Updated on April 19th, 2026

Thermal Expansion Calculator

Created By Jehan Wadia

Formula: ΔL = α × L₁ × ΔT  |  L₂ = L₁ + ΔL

×10⁻⁶/°C

Thermal Expansion Results
Material: Aluminum
Change in Length (ΔL) 2.31 mm
Final Length (L₂) 1,002.31 mm
Temperature Change (ΔT) 100.00 °C
Coefficient (α) 23.1 ×10⁻⁶/°C
Common Material Coefficients
Material α (×10⁻⁶/°C) Category

Introduction

When objects get hot, they grow bigger. When they cool down, they shrink. This is called thermal expansion, and it happens to almost every solid, liquid, and gas around us.

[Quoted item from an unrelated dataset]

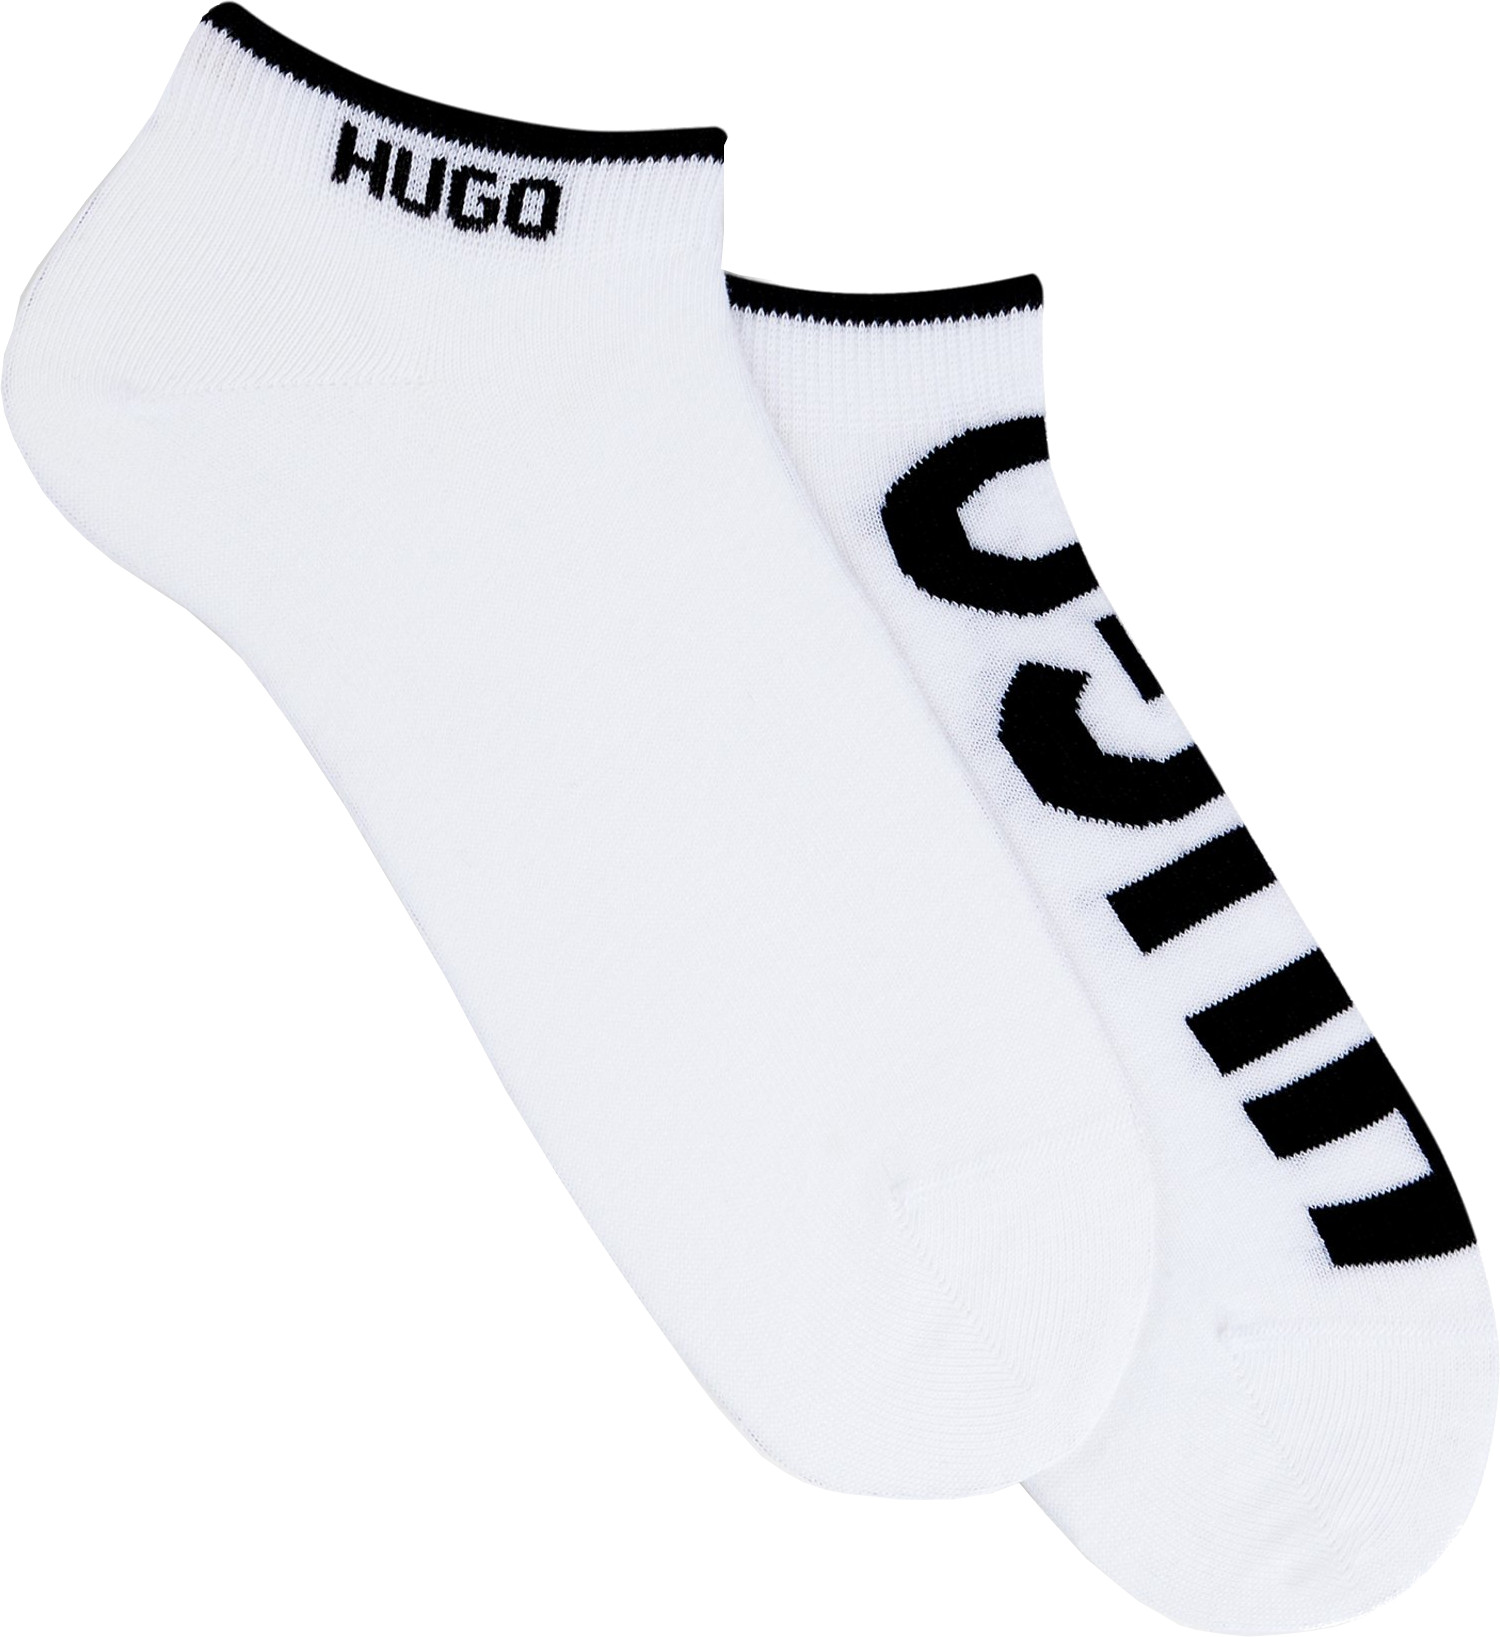 Hugo Boss 2 PACK - pánske ponožky HUGO 50468111-100 43-46

Engineers and scientists need to know exactly how much a material will expand or contract when the temperature changes. This matters when building bridges, laying railroad tracks, fitting metal parts together, and designing pipes that carry hot fluids.

This Thermal Expansion Calculator helps you quickly figure out how much a material will change in size due to a temperature change. Just enter the original length, the change in temperature, and the material's coefficient of linear expansion, and the tool does the math for you. It uses the standard thermal expansion formula: ΔL = α × L₀ × ΔT, where ΔL is the change in length, α is the expansion coefficient, L₀ is the starting length, and ΔT is the temperature change. Whether you are a student learning thermodynamics or a professional solving real-world problems, this calculator gives you accurate results in seconds.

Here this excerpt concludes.